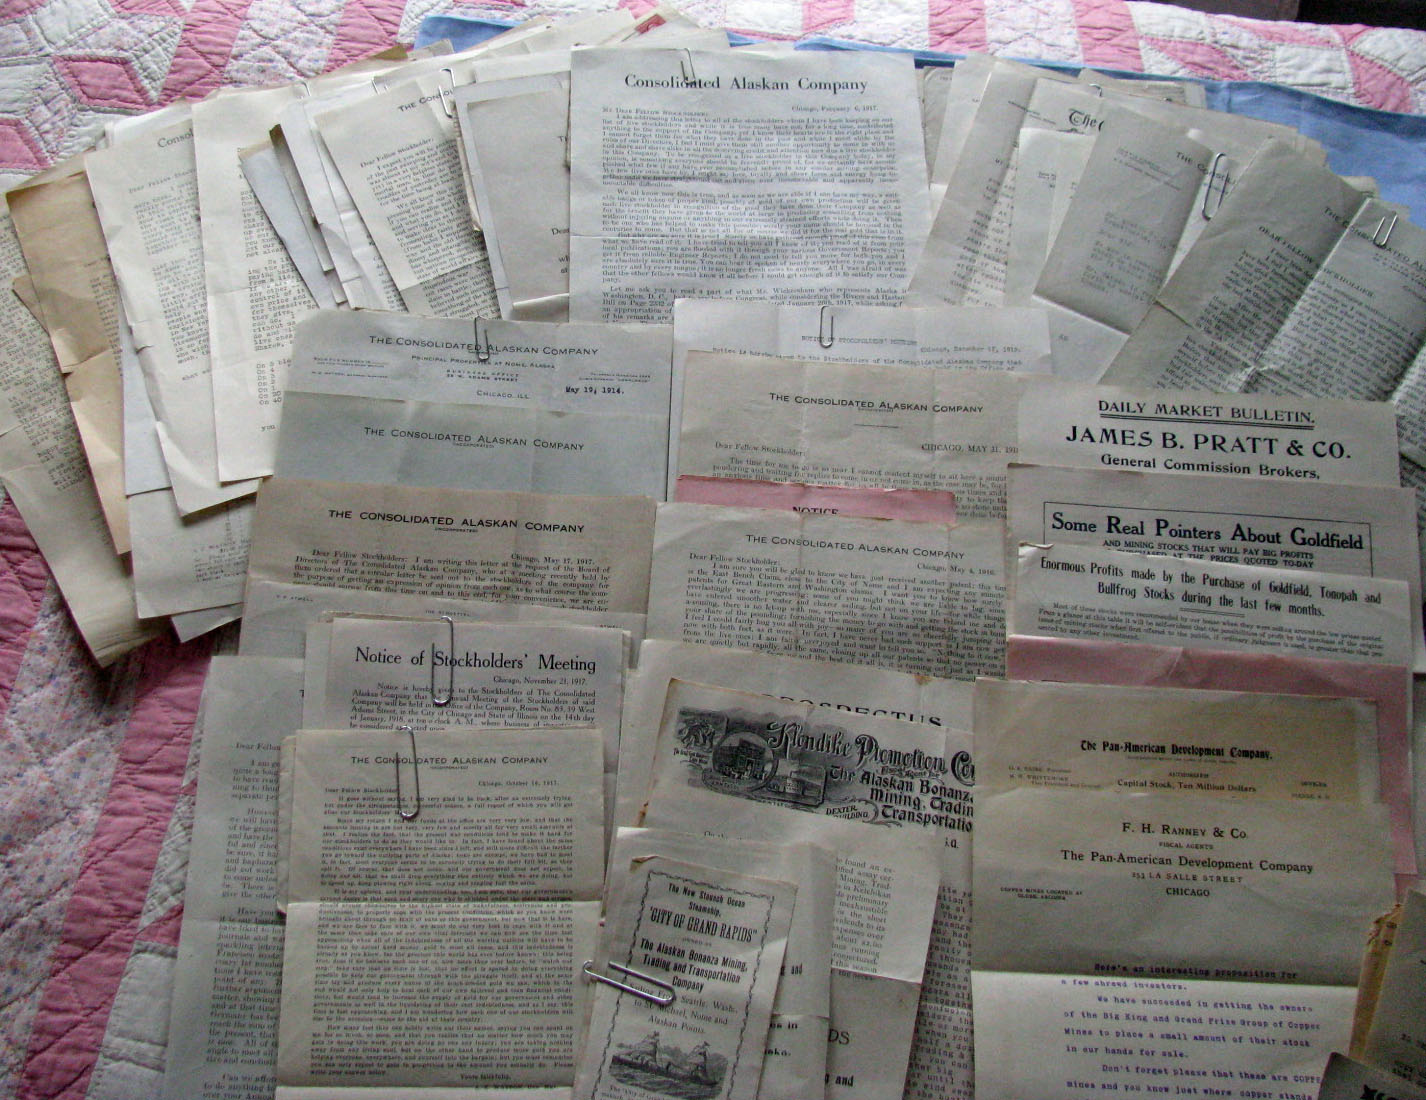 For sale: Alaska
              Bonanza Mining, Trading, and Transportation Company
              archive of documents, prospectuses, etc, from 1900 to
              about 1920, Nome Alaska.

Assignment:
Print all of the material exactly. Omit pictures.

Your response:
 For sale: Alaska
              Bonanza Mining, Trading, and Transportation Company
              archive of documents, prospectuses, etc, from 1900 to
              about 1920, Nome Alaska.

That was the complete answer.